A monthly review and outlook of the Asian Quality Bond market.

Market commentary - as at April 2017

Monetary policy and US political uncertainty took a back seat in April as geopolitical risks and the first round of the French election were the focus during the month. Rising tensions between the US and North Korea over missile testing and the US retaliation on Syria’s chemical weapons dominated headlines. The uncertainty largely led to a risk-off tone in Asian credit markets early in the month. This was partly reversed later in the month after the first round of the French election, which saw some of the risks around the political situation in Europe dissipate.

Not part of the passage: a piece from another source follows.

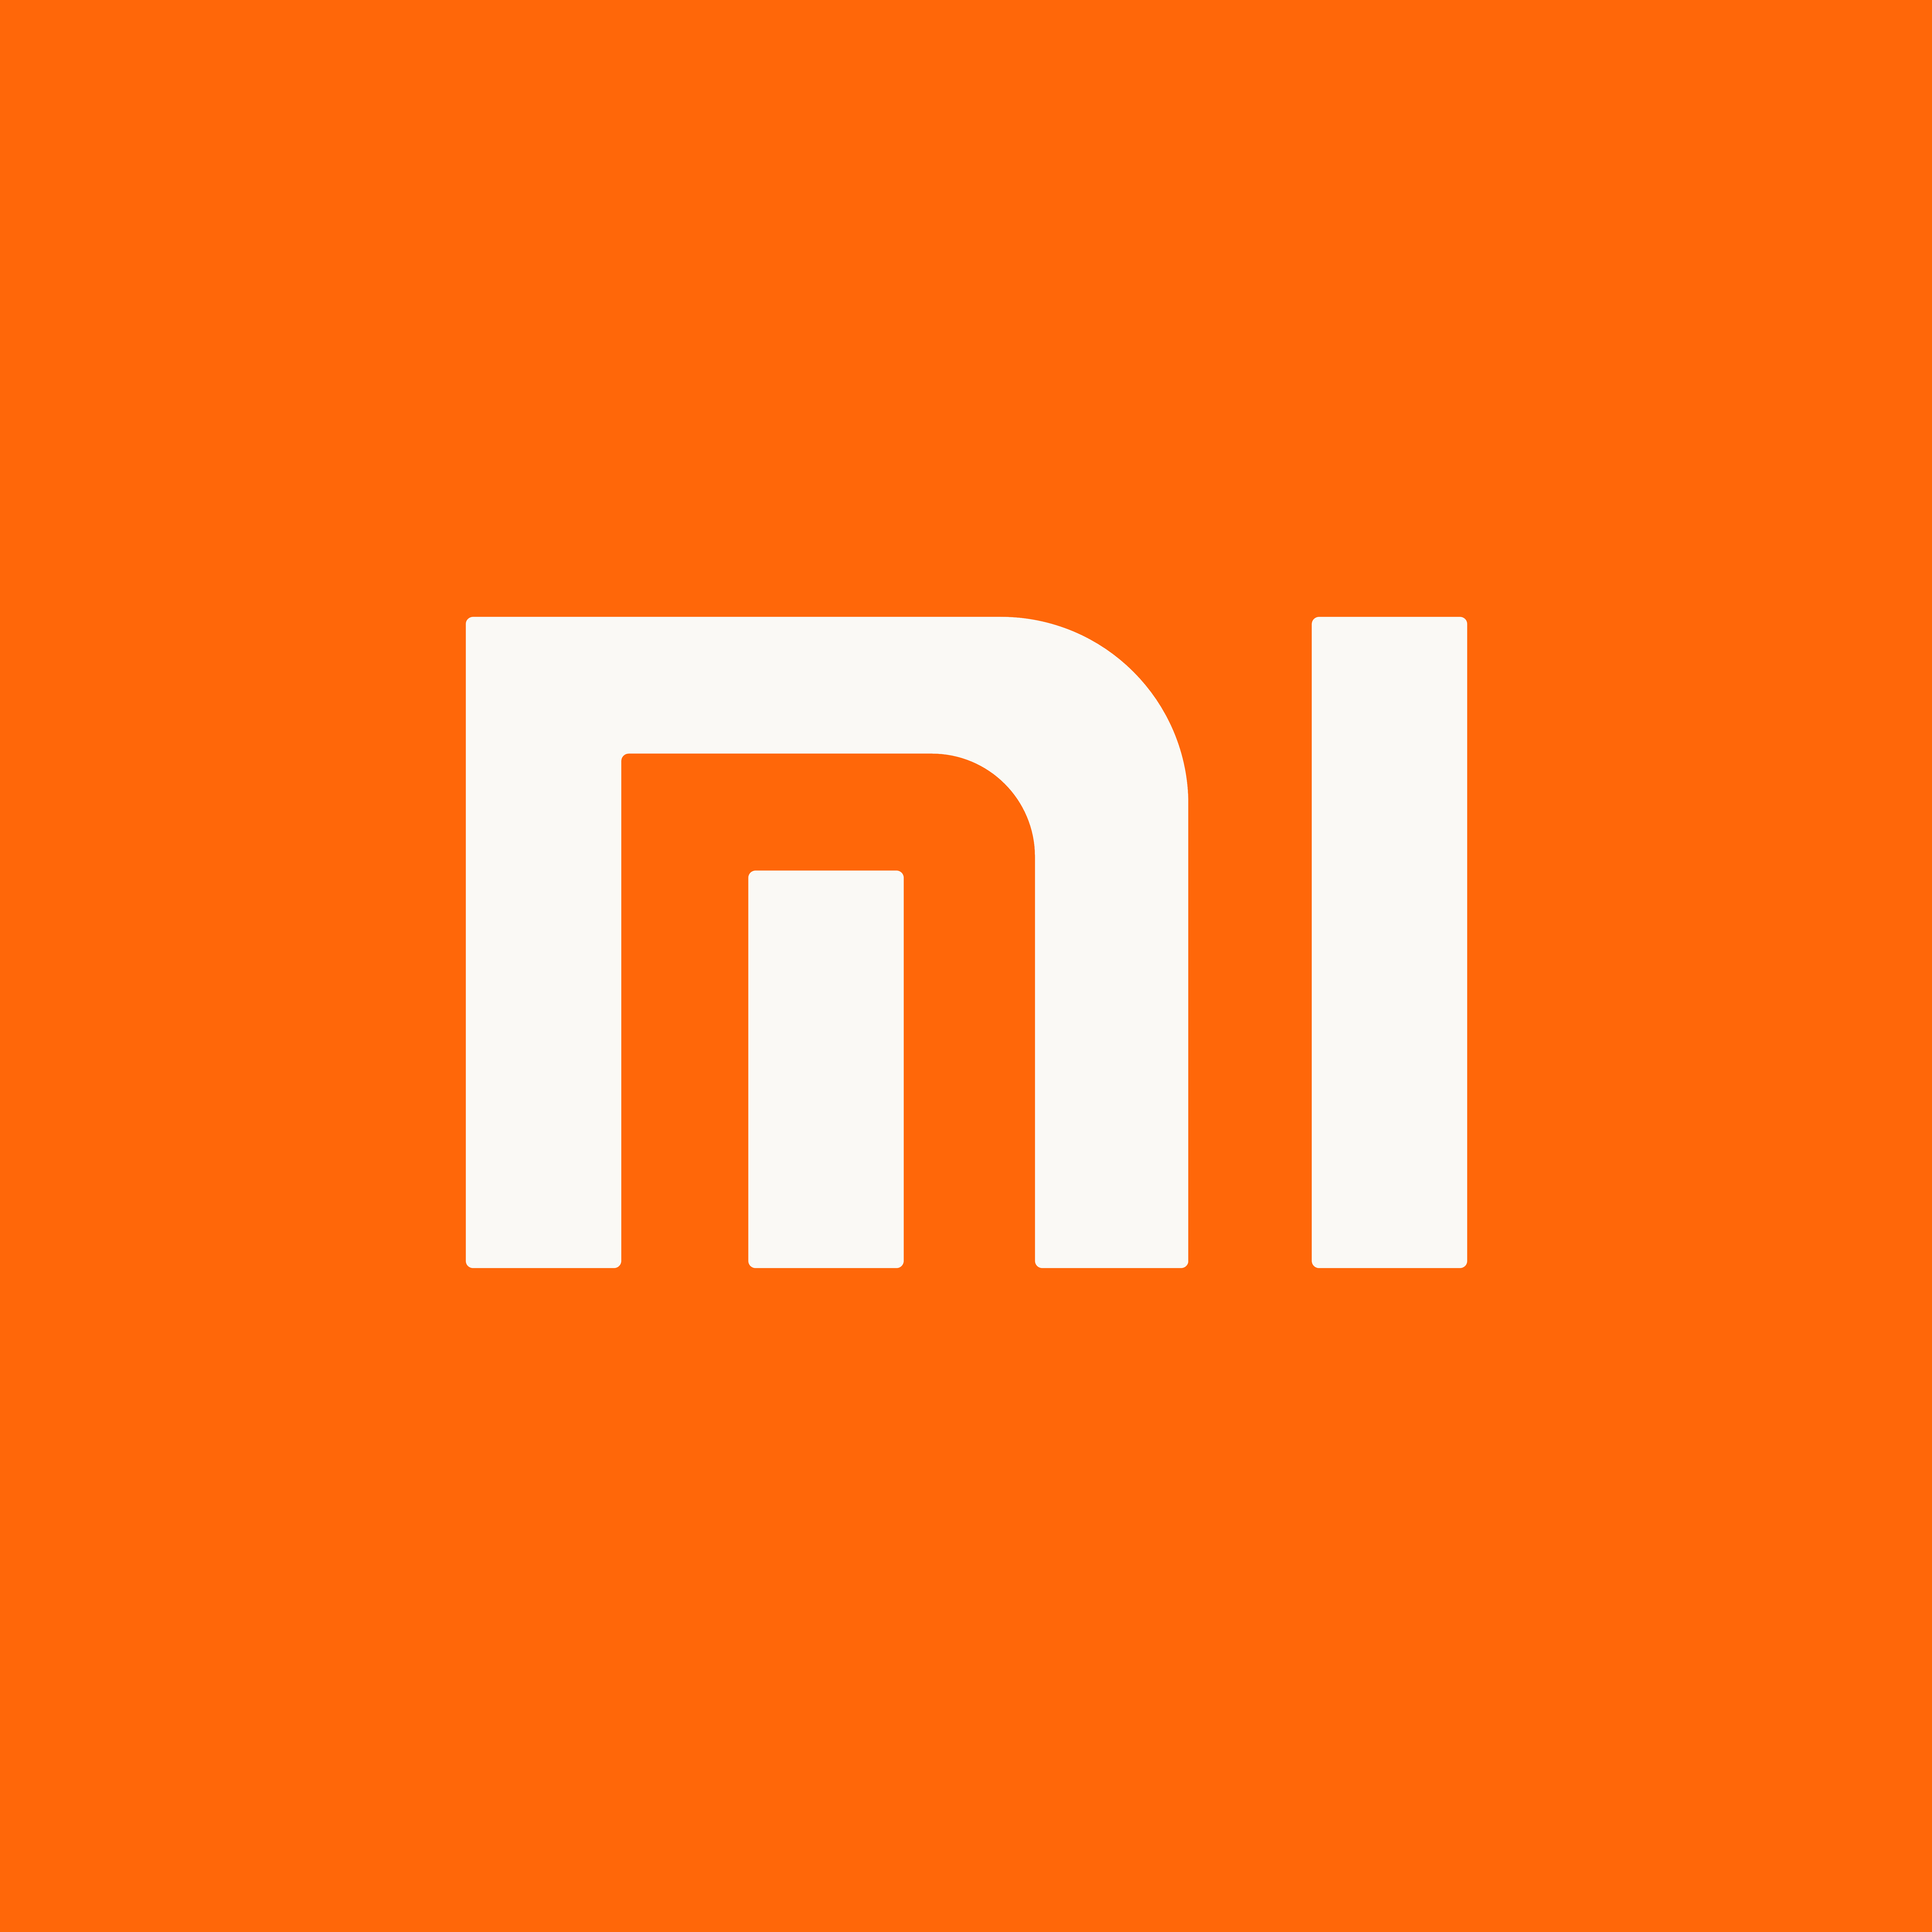 Xiaomi Logos

The highly anticipated tax reforms in the US left markets trying to decipher the potential impact but currently appear lacking in details.

JACI returned a positive 0.51% on the back of the rally in US treasuries which more than offset the credit spreads widening. US 10 year treasury yield ended the month 10bps lower at 2.28%b while the JACI spread widened by 7bps to 228bps. Investment grade underperformed high yield yet again on a spread basis even though both posted positive total returns. Spread returns by countries were mixed. Frontier markets including Vietnam, Mongolia and Pakistan all witnessed tighter spreads, outperforming rest of the universe where spreads widened.

Globally, monetary policy remained unchanged for the month starting with the Reserve Bank of Australia (RBA) which held rates steady at 1.50%. The European Central Bank retained its easing bias but pointed to a more solid growth story than in 2016. The Bank of Japan also kept monetary policy steady but raised its GDP growth forecast. Whilst the US Federal Open Market Committee did not meet in April, Federal Reserve (Fed) Chair Yellen reiterated that the pace of rate hikes will remain gradual and that there was no appetite within the Fed to rapidly increase rates.

Since the start of the year, we witnessed a strong uptick in Asian exports and improving PMIs and this trend looks set to continue. Exports data released during the month from South Korea and Singapore were very encouraging, leading to their respective central banks keeping policy rates unchanged while maintaining a cautiously optimistic outlook. During its monetary policy meeting, Bank of Korea (BoK) left the policy base rate unchanged at 1.25% while raising their 2017 GDP and CPI forecasts by 10bp each to 2.6% and 1.9% respectively. BoK expects the recovery to build momentum in 2018, forecasting next year’s growth at 2.9% with CPI steady at 1.9%. Against the backdrop of a higher than expected growth but a still uncertain outlook, Monetary authority of Singapore (MAS) maintained status quo at the semi-annual monetary policy review as widely expected by the market. They maintained a zero appreciation slope, with no change in midpoint or policy band. MAS has reduced the S$NEER slope incrementally since 2015 and adopted a zero appreciation slope since Apr-16.

Supply continues to be robust with another USD23.9b of fixed rate issues printed in April bringing year to date supply to 93% higher year on year. Chinese issuance dominated yet again accounting for 85% of this month’s supply, though what is more significant is the increase in Chinese high yield since the start of the year amid stricter onshore access and this is expected to continue in the coming months.